John Dalton (6 September 1766 – 27 July 1844) was an English scientist whose work helped transform chemistry into a quantitative science. Born into a Quaker family in Cumberland, he trained as a teacher and lifelong observer of weather and gases. He is commonly described as a British chemist and a physicist whose ideas about atoms and weights shaped nineteenth-century chemistry.
Early life and career
Dalton began his career as a schoolmaster and private tutor, later moving to the industrial and scientific community of Manchester. There he kept careful meteorological records, made precise measurements of gas mixtures, and lectured on natural philosophy. His systematic approach to measurement and experiment underpinned later theoretical work.
Atomic theory
Dalton is best known for formulating an early atomic theory that offered a simple framework for chemical combinations. His main ideas can be summarized as:
- Elements are composed of indivisible particles called atoms.
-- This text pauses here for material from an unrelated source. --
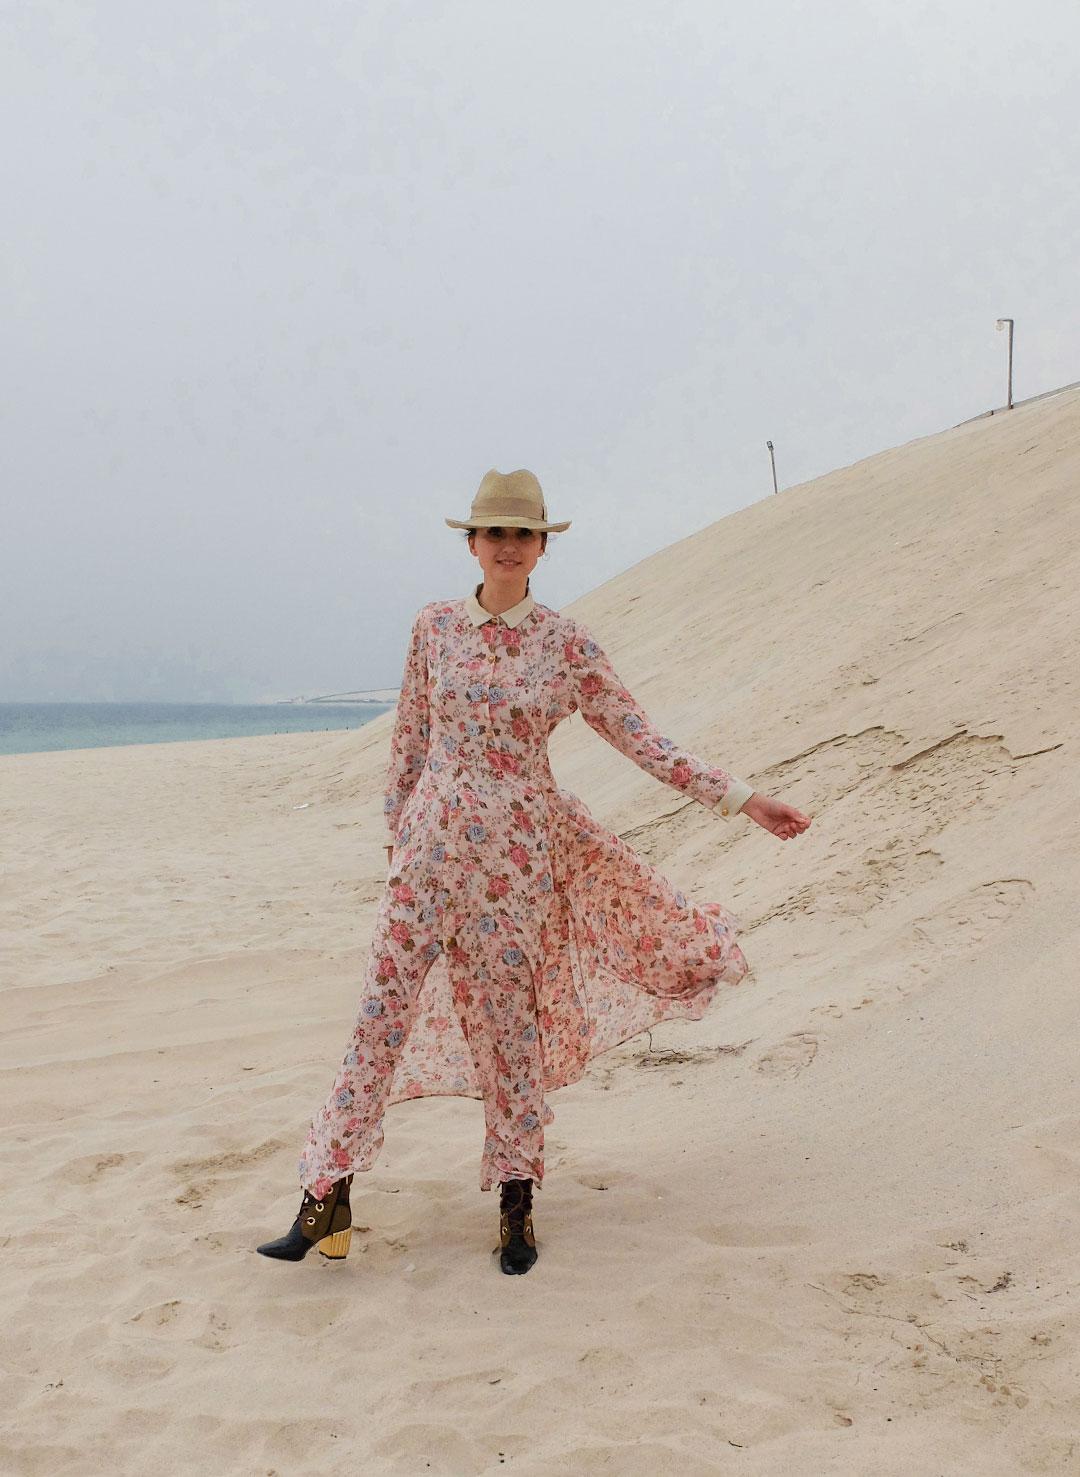 la-reina-del-desierto-mitmeblog-03

- All atoms of a given element have identical properties and mass (as conceived then).
- Different elements have atoms of different masses and properties.
- Chemical compounds form when atoms combine in fixed numerical ratios.
- Chemical reactions rearrange atoms without creating or destroying them.
These propositions, presented in works such as A New System of Chemical Philosophy, provided a conceptual basis for chemical formulae and the determination of relative atomic weights; the subject is often referred to as atomic theory in historical accounts.
Other research and legacy
Dalton also investigated gases and formulated what became known as Dalton's law of partial pressures, important in physical chemistry and meteorology. He published the first systematic account of a form of color vision deficiency after realizing he and several family members could not distinguish certain hues; this condition has historically been called Daltonism. In modern science the atomic mass unit is commonly called the dalton (symbol Da) in his honor.
While later work refined and replaced parts of Dalton's original ideas, his insistence on measurement, simple hypotheses, and the notion of atoms as the basis of matter made a long-lasting contribution. He remains a central figure in the history of chemistry and physics, remembered both for theoretical advances and practical experimental records.